Cross-Domain Adaptive Diffusion: ICPAD applies diffusion-based adapters conditioned on dynamically attended few-shot prompt sets, enabling immediate alignment to novel dynamics in long-horizon tasks (robotics, autonomous driving) with no target-domain retraining (Yoo et al., 4 Sep 2025).
Instant Policy for Imitation: Heterogeneous graph diffusion enables robots to perform new manipulation skills from one or two demonstrations by representing both context and action as nodes and edges, leveraging pseudo-demo simulation for unlimited offline pretraining (Vosylius et al., 19 Nov 2024).
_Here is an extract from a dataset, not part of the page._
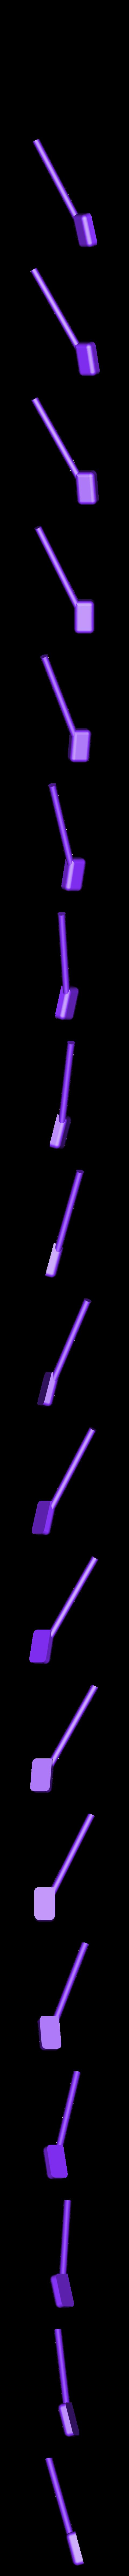 ducati spiegel-left.stl Download free STL file ducati monster 696 • Object to 3D print, jasperbaudoin

ICPO for Mathematical Reasoning LLMs: Policy optimization incorporates off-policy rollouts generated via the model’s own few-shot in-context learning, expanding exploration beyond the current policy’s support and outperforming both vanilla GRPO and external-expert mixed methods on advanced mathematical tasks (Huang et al., 30 Oct 2025).
Middleware/Organizational Reconfiguration: Policy-free middleware and ECA-driven VO reconfiguration engines realize live, policy-driven adaptation of distributed applications and virtual organizations by declarative, runtime-evaluated context and action specifications (Reiff-Marganiec, 2012, Dearle et al., 2010).

In-context policy adaptation now represents a unifying paradigm bridging RL, multi-agent learning, foundation model reasoning, distributed systems, and programmable infrastructure. It is distinguished by immediate, non-parametric responsiveness to arbitrary context, decoupling learning from inference, and an empirical track record of sample efficiency, safety, robustness, and system-level compositionality across academic and applied domains (Moeini et al., 29 Sep 2025, Beukman et al., 2023, Vosylius et al., 19 Nov 2024, Ma et al., 4 Feb 2024, Liu et al., 13 Oct 2025, Yoo et al., 4 Sep 2025, Dearle et al., 2010, Reiff-Marganiec, 2012, Kang et al., 2019, Brooks et al., 2022, Merwe et al., 20 Aug 2025, Huang et al., 30 Oct 2025, Zhang et al., 2023, Lau et al., 17 Oct 2024).